## Requirement:
With the pictures left out, reproduce exactly the lines running from the line with "Namu Shop - Auralee" to the last line of the material below.

## The data:

--- START ---

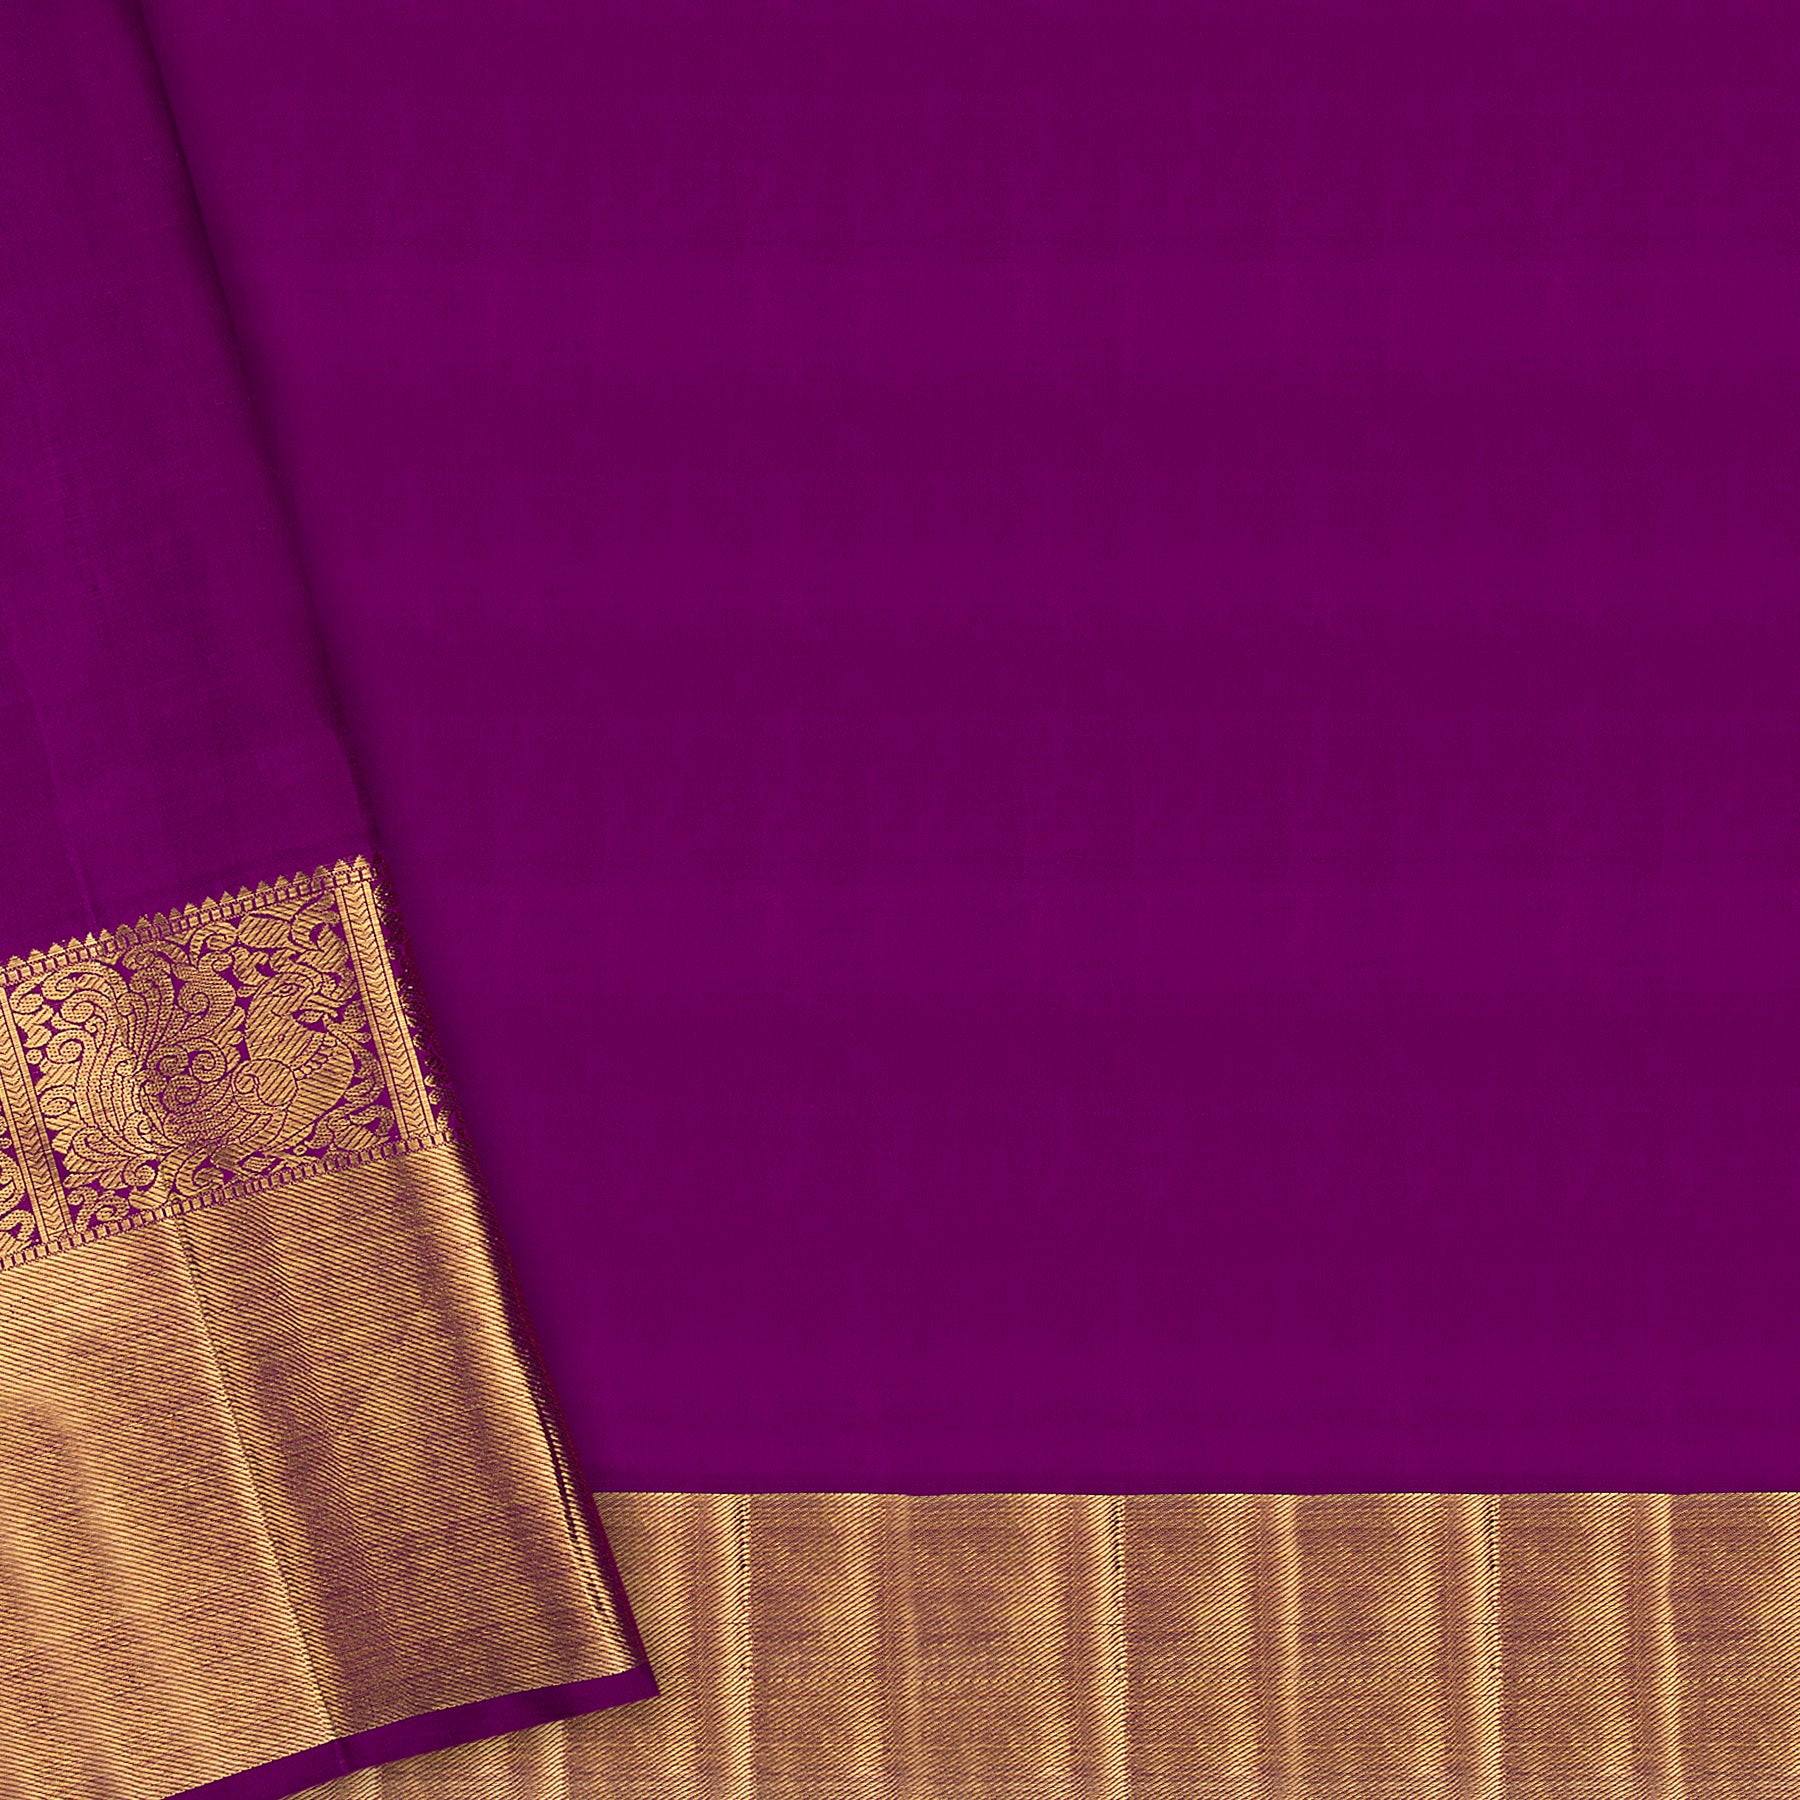 Kanakavalli Kanjivaram Silk Sari 22-110-HS001-14733 - Blouse View
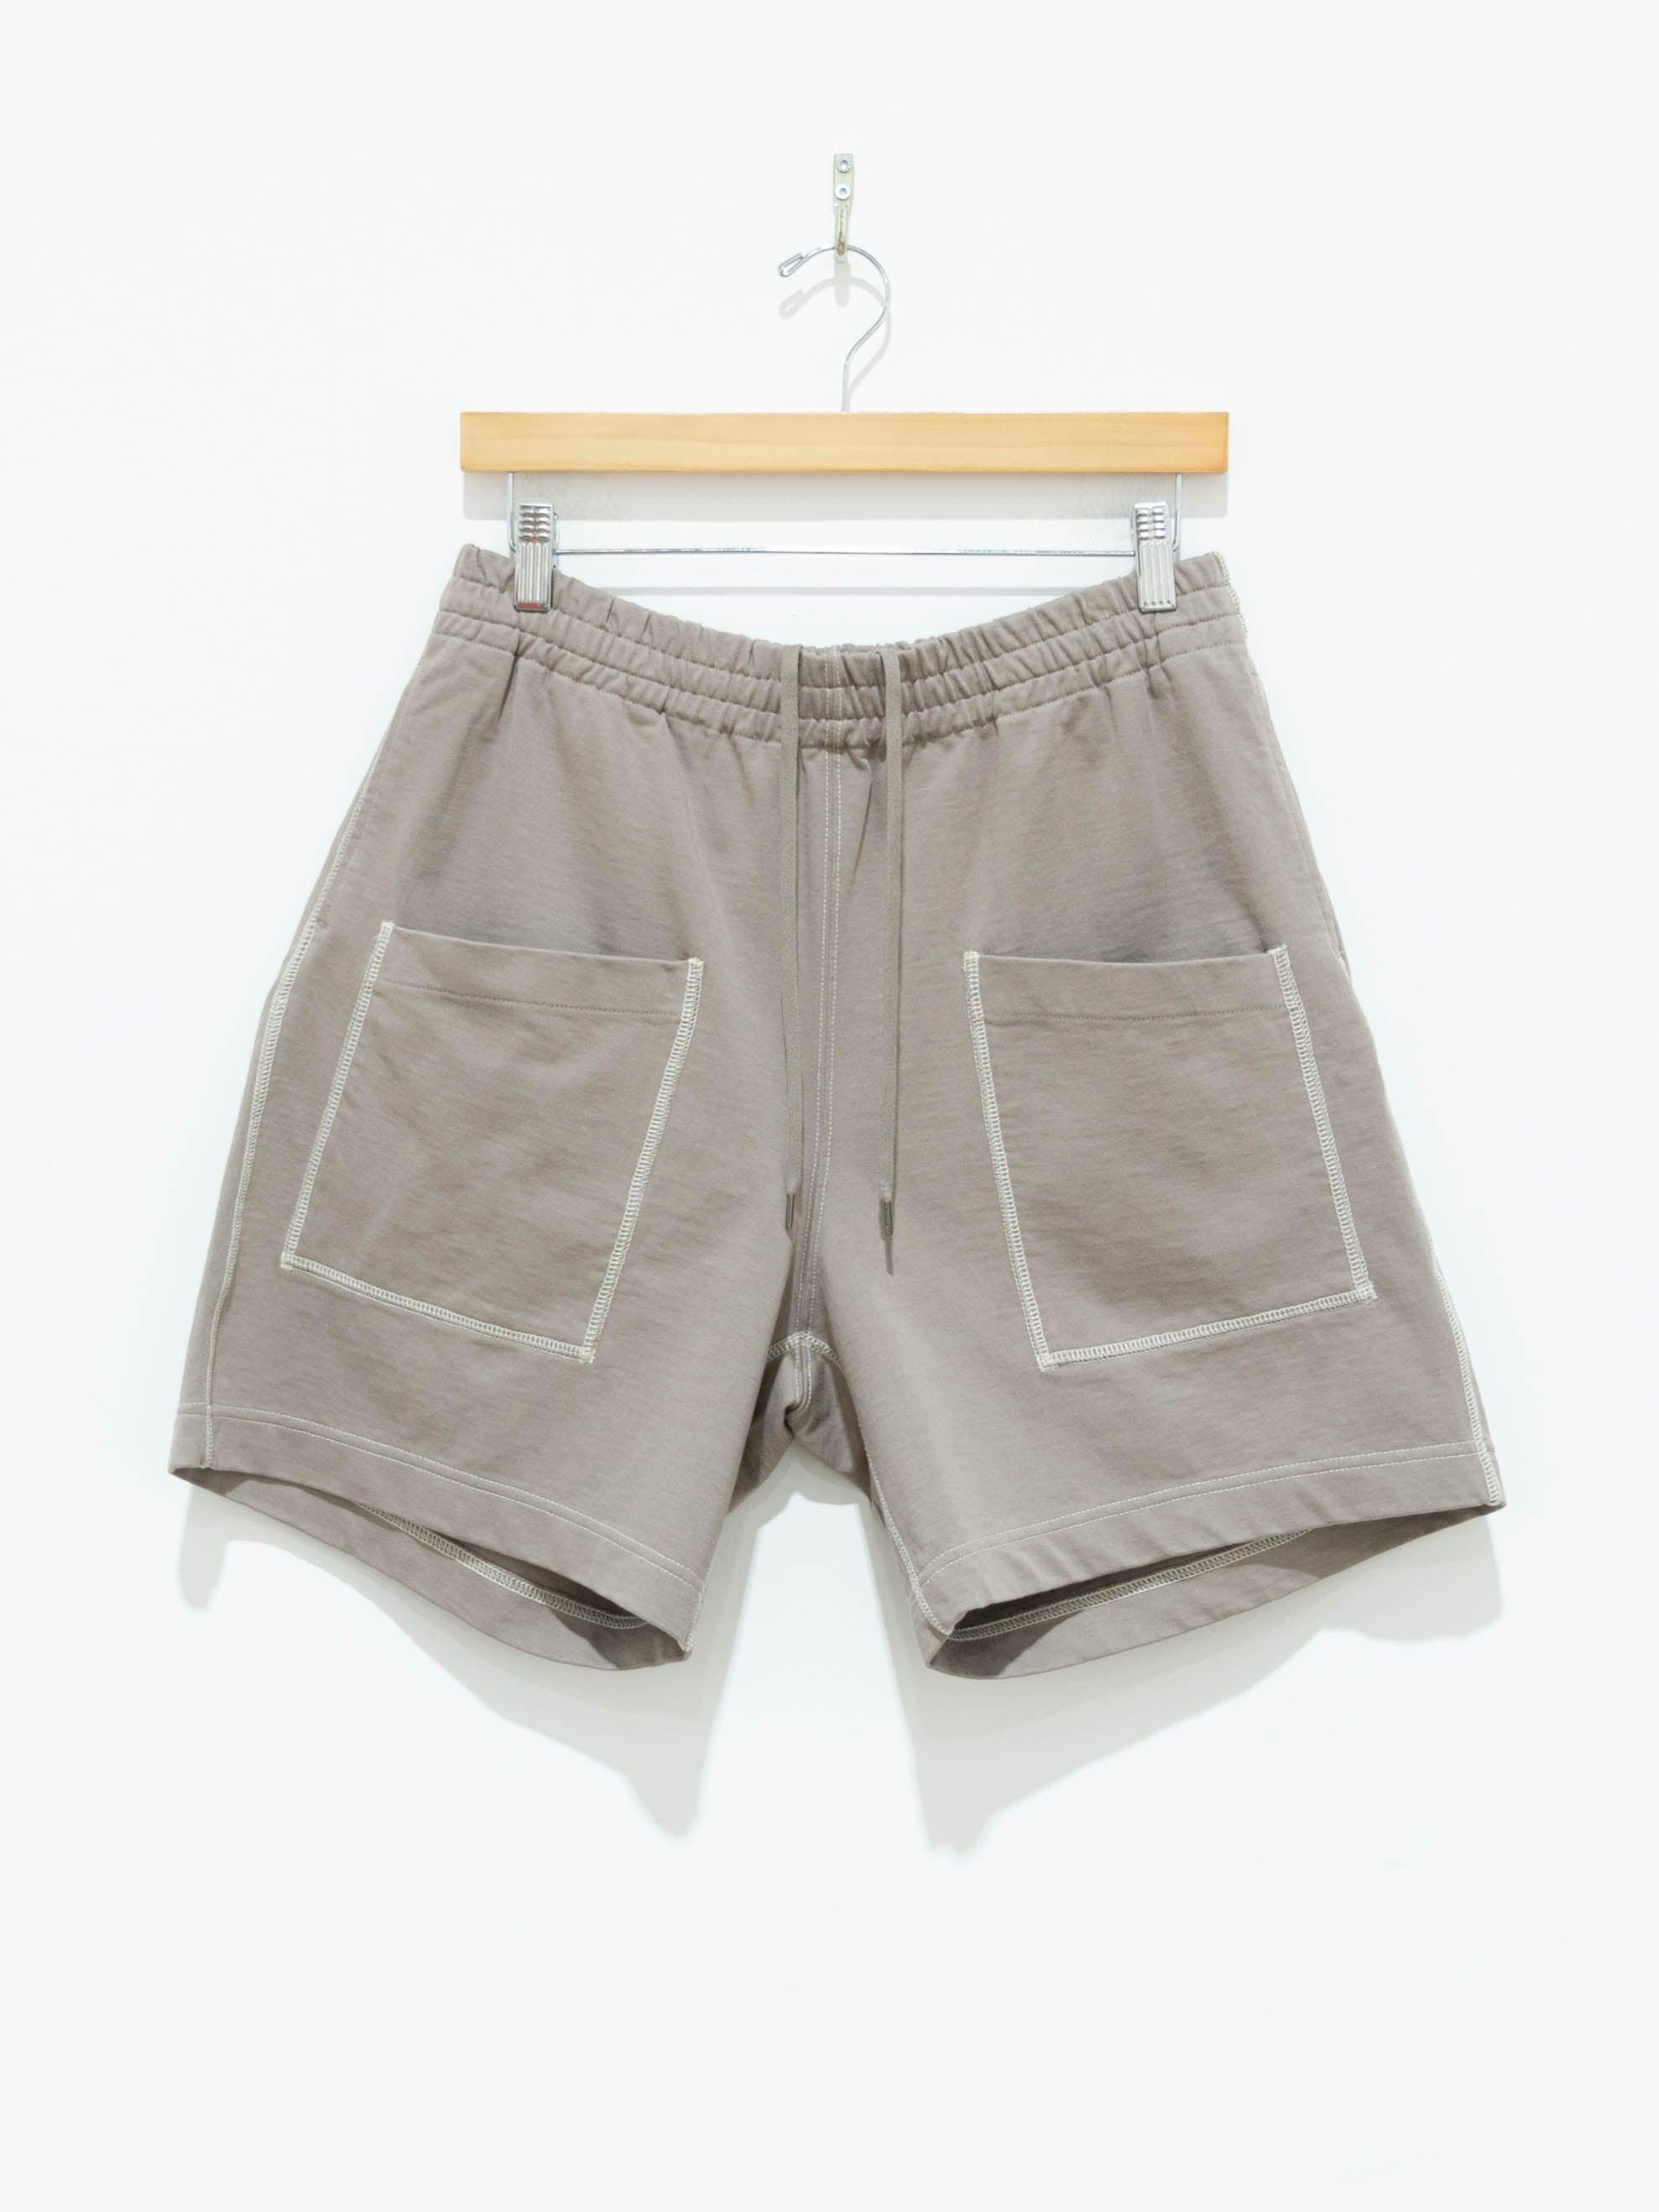 Namu Shop - Auralee High Density Organic Cotton Jersey Shorts - Gray Beige
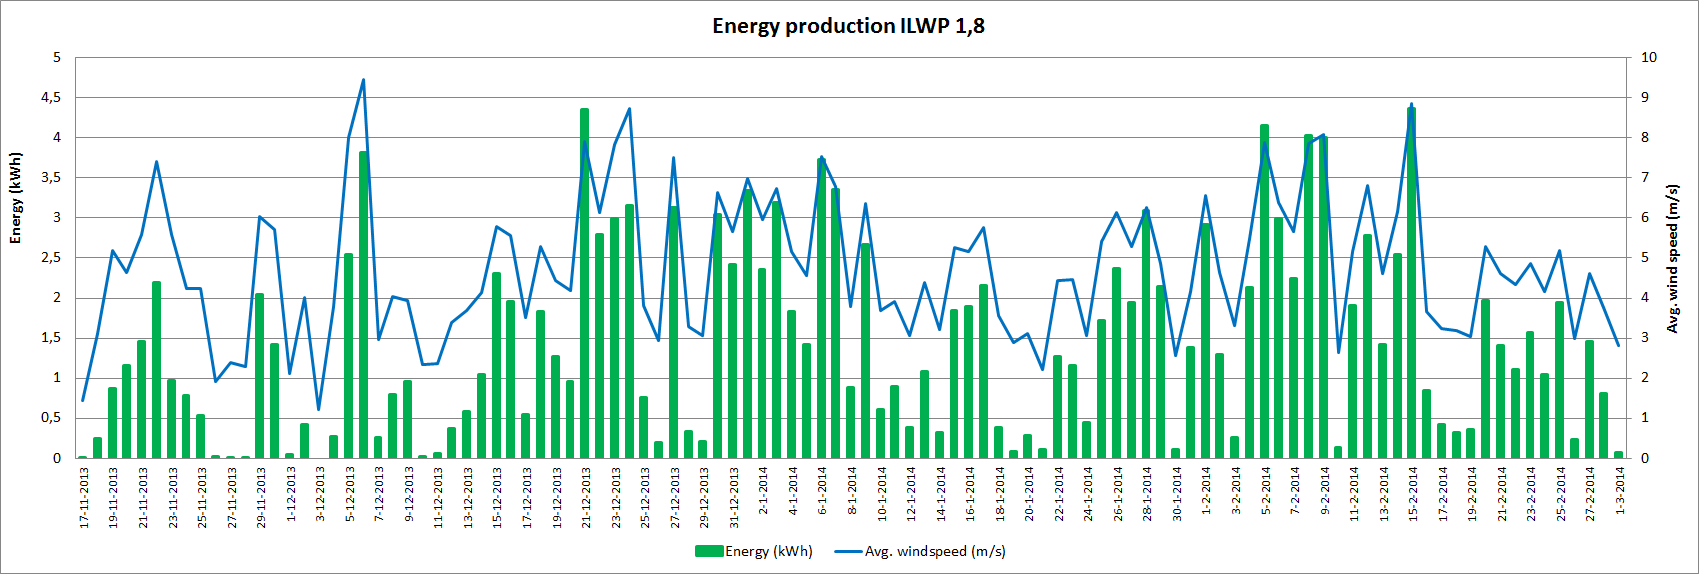 ILWP 1,8 energy total

--- END ---

## Exercise response:
 Namu Shop - Auralee High Density Organic Cotton Jersey Shorts - Gray Beige
 ILWP 1,8 energy total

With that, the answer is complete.